Saturday, October 3, 2009

Vanquish Ignorance! ( part 1 )

 My intellect was soundly perturbed by this most absurd of all paintings.  ( Go ahead take a look!)

 It was particularly offensive to my brain because I am professional artist, and I am an enthusiast of American history.  Thusly I attempt to base my world view on fact, rather than the mindless passionate ravings of infotainment prophets like Glenn Beck. This painting seems to indulge in a fictive history and biased politic.  Thomas Jefferson gave us the key for vanquishing false perceptions for freedom's sake. 

Educate the whole mass of people...they are the only sure reliance for the preservation of our liberty. 

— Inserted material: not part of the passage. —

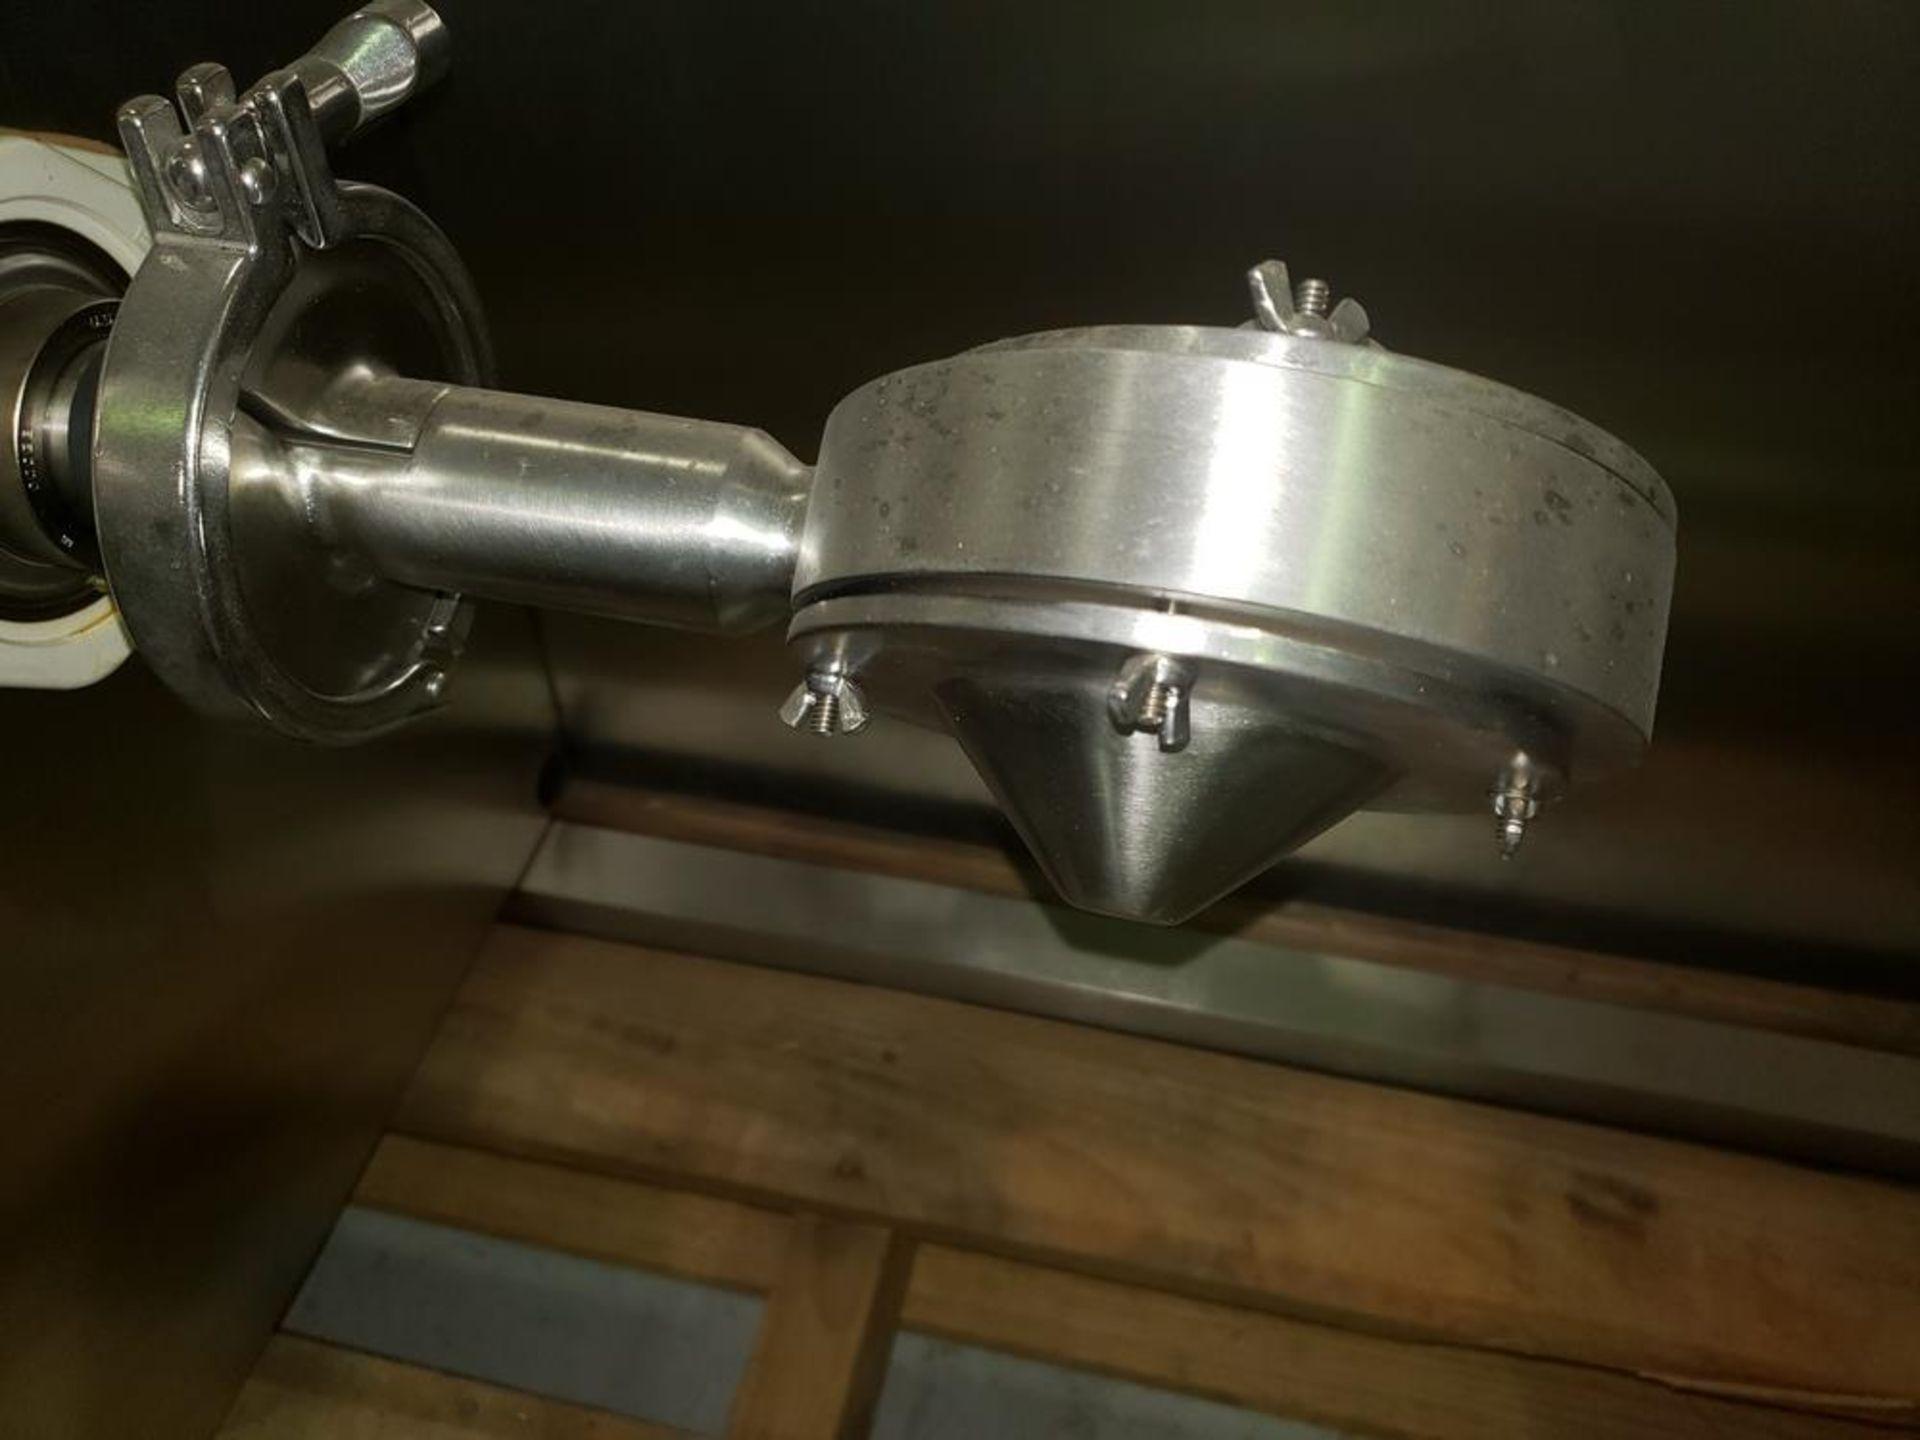 Lot 19 - .5 liter (.017 cu.ft.) Gemco slant cone blender, model GLB, stainless steel construction, bench top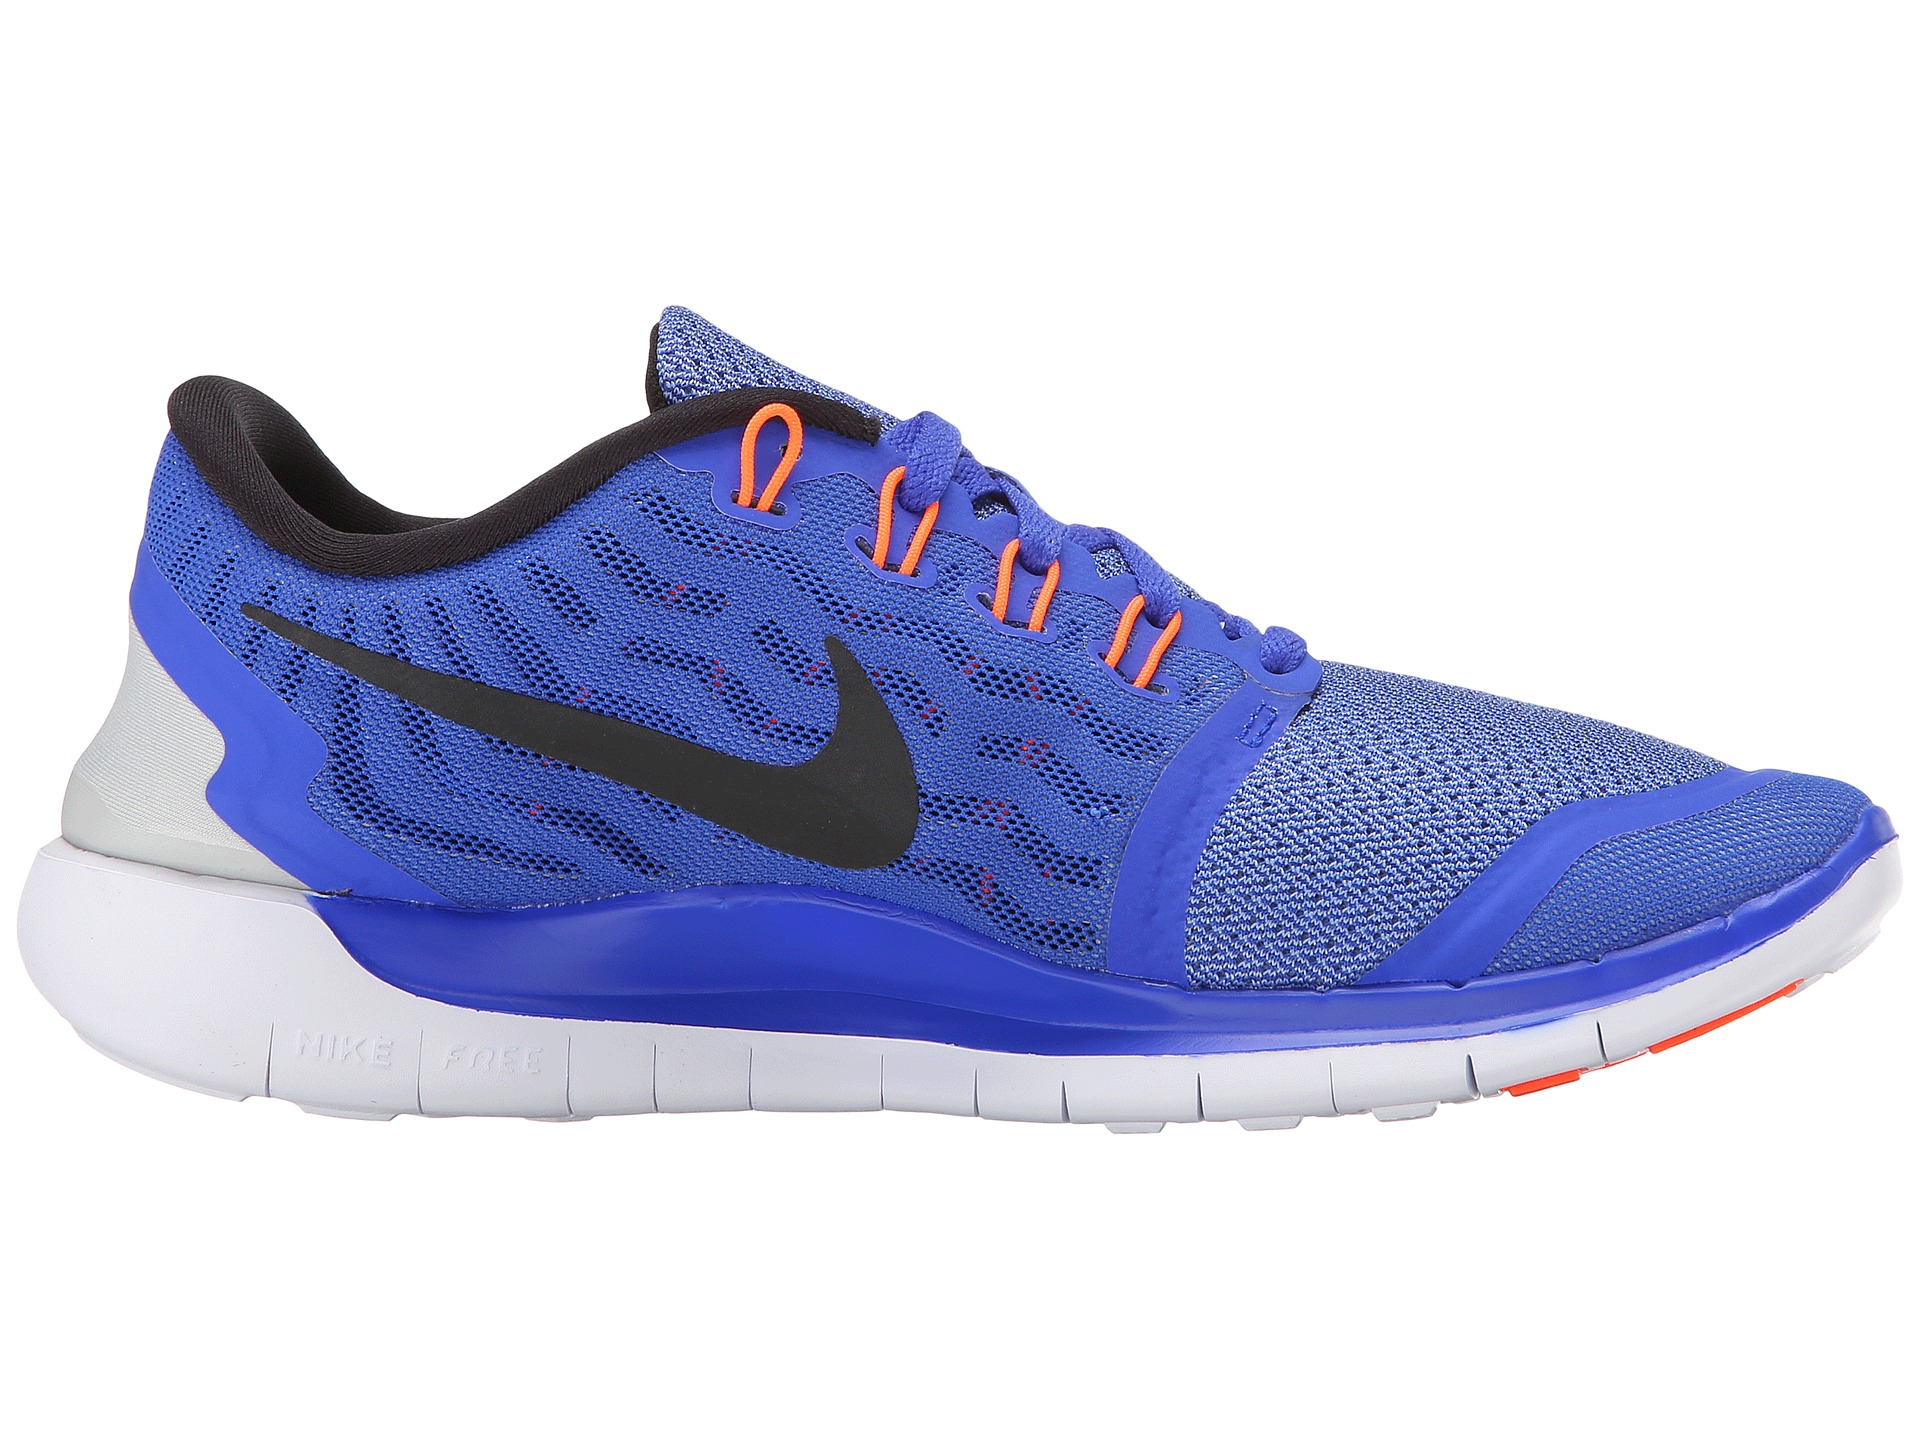 sports shoes ac63b 36bc3 nyankomne online nike blazer dame sko nyeste

 Books like Cleon Skousen's Five Thousand Year Leap which linger in a factual famine, clinging to a biased world view, do little to objectively educate the whole mass of people. For the record, I'm a Jeffersonian Libertarian, but these clowns draw close to those ideas with their lips, but their hearts and facts are far from it.

So, allow me to assist in your enlightenment dear reader.  

The painting depicts scores of historic luminaries basking in the light of Jesus. Furthermore his extremely religious right/neo-con bias is so palpable you can almost feel the atheist professor shoving Darwin down your throat. (because there are no religious people who also believe in evolution!) Like the rantings of a Fox news host, this depiction is based in dubious opinion and fallacious claims.  In case the visual message wasn't overt enough, he provides an illuminating  artist statement (under the painting) to explain his design.

In essence it says that The separation of church and state is bad and that the founding fathers were "passionately religious and saw the hand of God all around them." To prove his point he provides quotes from some of our most esteemed early leaders about God, thus "proving" his point.

Any slightly comprehensive investigation reveals that the men and women in this painting present a patchwork of faith and non-belief, both in and out of the Christian tradition.  They were also most assuredly committed to a separation of church and state.  Furthermore, any attempt to intertwine religion with state would be a catastrophe for civil and religous freedom.  The Founding Fathers were all too aware of this as they had just freed themselves from such European tyrannies.  

The artist of this work presents the most facile investigation of history, utilized to purport ones own bias as supreme. Let us investigate each quote and the man behind it to see if they really were "passionately religious" and proponents of a Christan republic relying on religion as it's necessary counter part.  

We'll begin with my hero Thomas Jefferson.

God who gave us life gave us liberty. And Can the liberties of a nation be secure when we have removed a conviction that these liberties are the gift of God.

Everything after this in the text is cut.